Of late, my training has consisted of very little strenuous efforts. I am now on the recovery upswing after an injury. The last several months have assumed the form of radical acceptance and lessons learned rather than intense exertion and focused efforts.
I write and teach heavily focused on how to be your own coach (or at least a strong self-reliant athlete to better partner with your coach). This injury also shapes my recent direction toward the gifts and lessons that injuries inevitably present. I’m struck that, despite my recent thinking about self-coaching and injuries, I never understood how limitations can actually provide a growth opportunity for those designing effective programs.
Injuries drive attention to areas not previously discovered or valued. They can demand that an athlete becomes more body-aware or develop a more conservative and accurate understanding of their limitations. They can help an athlete prioritize recovery, mobility, and movement quality. These benefits are immediately apparent once the initial shock of an injury subsides.
An injury, and the severe physical limitations during recovery can also give way to much more creative and effective programming by imposing creative boundaries.
Boundaries Create Endless Possibilities
Programming can feel daunting. Whether designing for yourself or another athlete, it feels difficult to know where to begin, which movements, combinations, and intensities to select, and how to periodically progress over weeks or months. The process inevitably becomes more comfortable and smooth with experience, but can still feel like trying to plot a course through an endless sea with no landmarks in sight.
When there are no boundaries, the possibilities can feel too large. Too many options can distract from focus. Anyone who has scrolled through the viewable options on Netflix can attest to this paradox of choice.
Effective programmers give themselves boundaries. This may seem confining and more difficult, but these bounds can actually drive creativity. Most effective programmers apply constraints without consciously realizing they have bounded their options. We see these as programming according to our (or athletes) physical and schedule limitations, available equipment, and goals. We also inherently remain within the bounds of our background, specialties, and values. However, we can intentionally apply even tighter bounds to drive our creativity further.
Creative Constraints
Through tightly confining boundaries we can fully explore the potential of the limited tools we have available. Coaches and athletes alike notoriously stick to what they know. We can underestimate the value of certain tools, movements, or methodologies. There are no good or bad, useful or ineffective, tools. Every option has a purpose and a set of benefits. It is difficult to fully understand any tools potential until we use it to near exclusion. Eliminating other options forces creativity with what we do have available.
My on-going recovery leaves me with few options to design my program. Doctor’s orders dictate nothing explosive or heavy, no intense core engagement, and no weights over 25 to 30 pounds, not to mention that many movement patterns and postures remain off limits because of my recovering tissue. At face-value, I am quite confined in my options.
While initially glum with my limited options, I soon found that with little available I was programming more creatively than ever. Each training session not only brought gratitude for my ability to simply train again, but I found fun and exploration than I have ever felt. I was exploring new movements to address my recovery and specific mobility. I was discovering ways to significantly challenge my system with relatively minimal weights. I focused on practicing “perfect” reps while feeling no pressure to push to more intense exertion. I was seeing possibilities for the tools available that I had never dreamed of.

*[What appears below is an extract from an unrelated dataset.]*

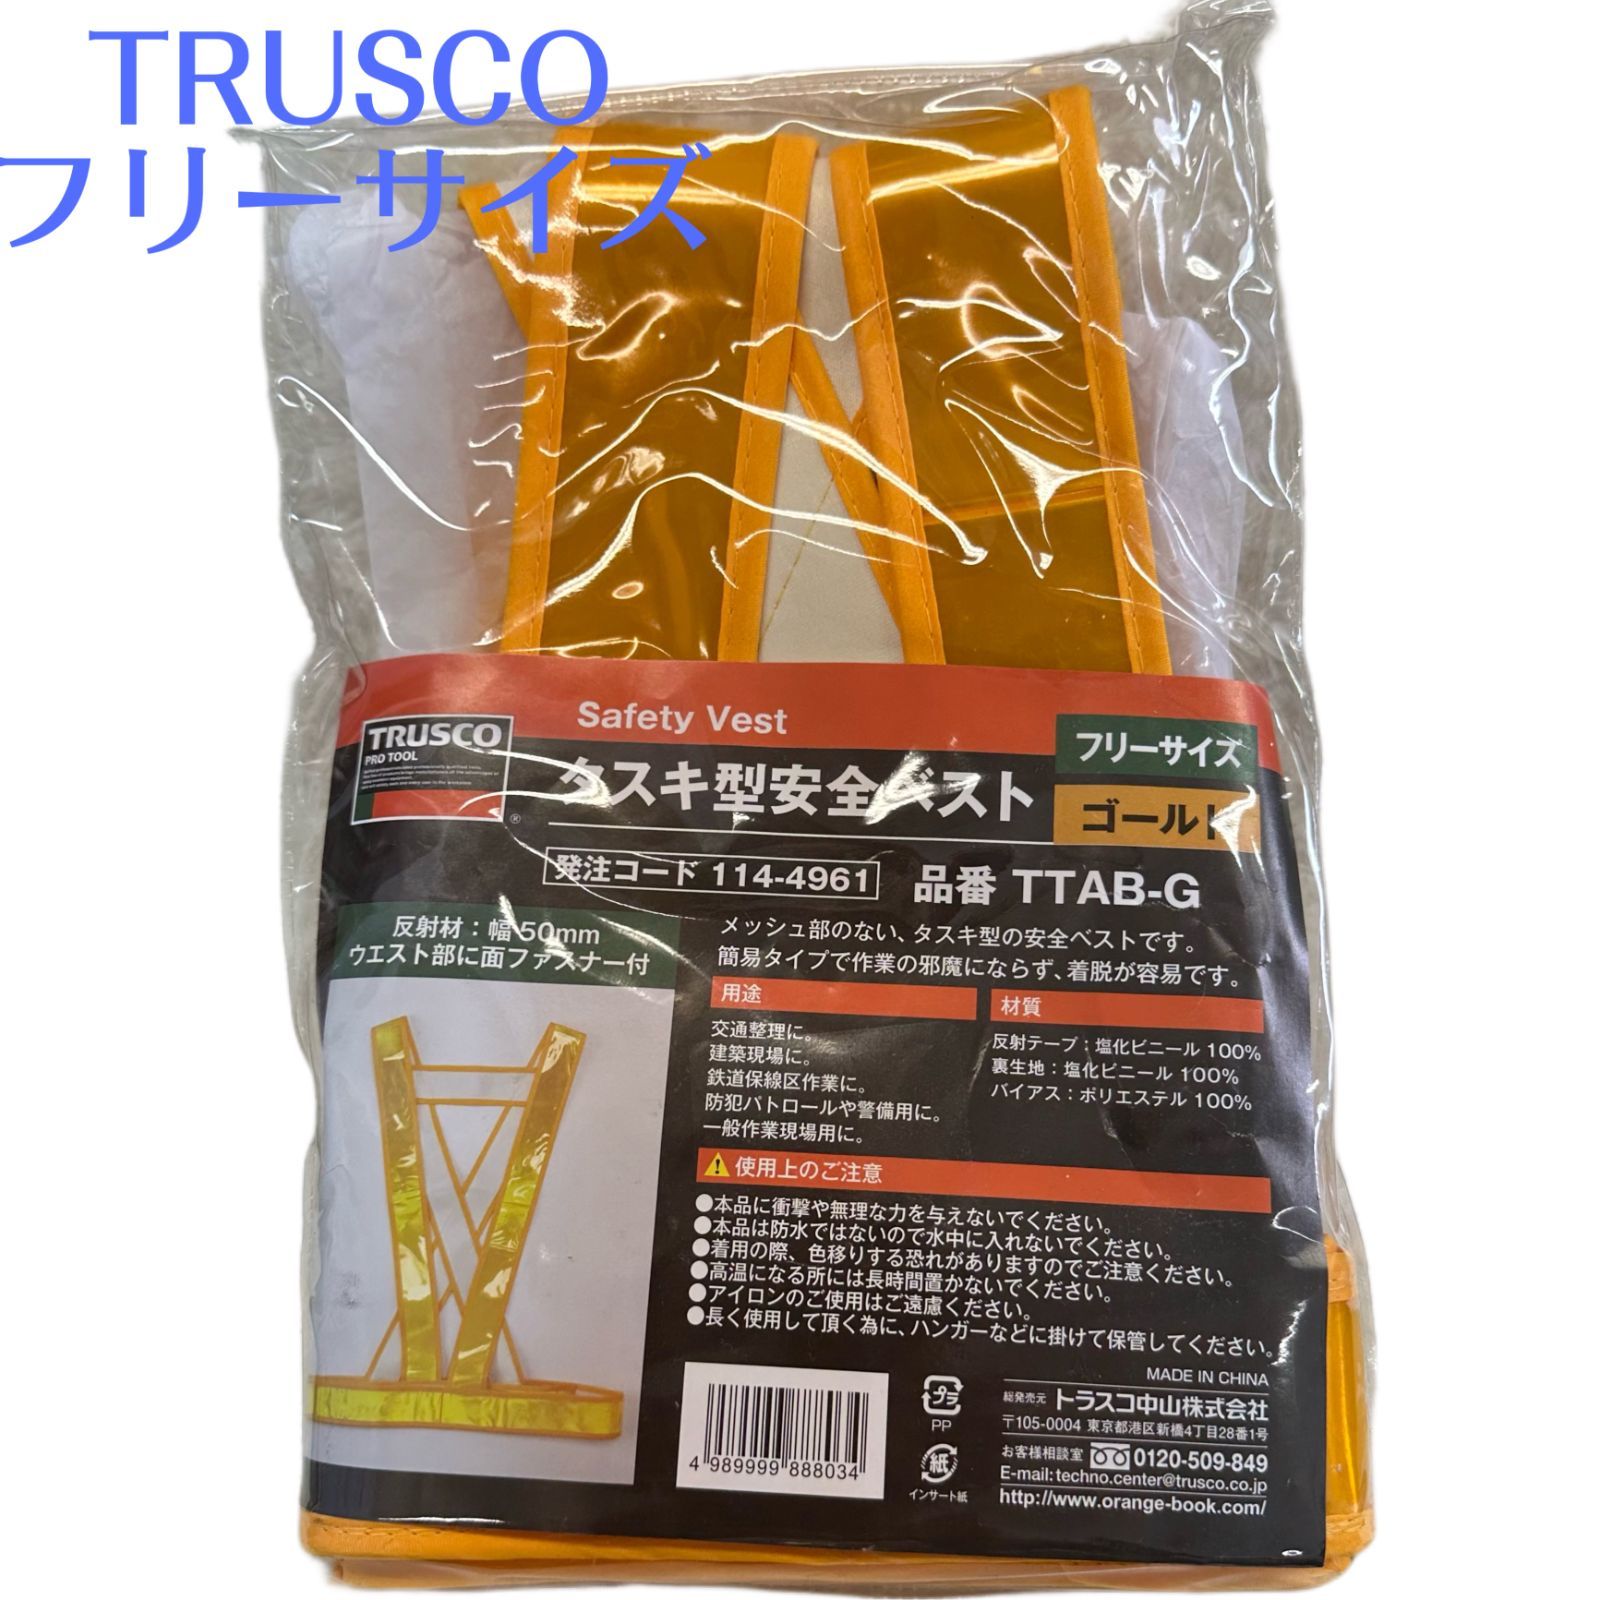 TRUSCO トラスコ タスキ型安全ベスト ゴールド フリーサイズ 品番TTAB-G メルカリShops

With immense options available, we must consider myriad possibilities. Our thinking follows the age old “inch deep but a mile wide” approach. With creative constraints, we can sharpen our focus on only a few options allowing us to explore the depths of what we have available.
Impose Your Own Boundaries
If you have hit a training plateau, a mindset slump, or simply want to broaden your coaching or self-coaching horizons try intentionally confining your options. You’ll be forced to put together combinations, sessions, and programs differently than you ever have. You can develop a more nuanced understanding of previously less familiar tools or methodologies. It is unlikely that things will fall apart. You might need to push through some initial discomfort, but you will arrive on the other side a more balanced, broad, and bold coach with a more creative understanding of how to design a fun and effective program.
- Try a few weeks completely neglecting your favorite tools.
- Program a phase of entirely bodyweight movements.
- Plan to work out in a park with only tools you can bring with you.
- Select a piece of equipment you have never (or rarely used) and include it in every session for a few weeks.
- Use only your favorite tool to exclusion to fully explore all of its possibilities.
I have seen many beautiful meals come out of a tiny kitchen. I have seen many stunning works of art created with only a pencil. I challenge you to confine yourself to as few options as possible to drive you to new levels of creativity.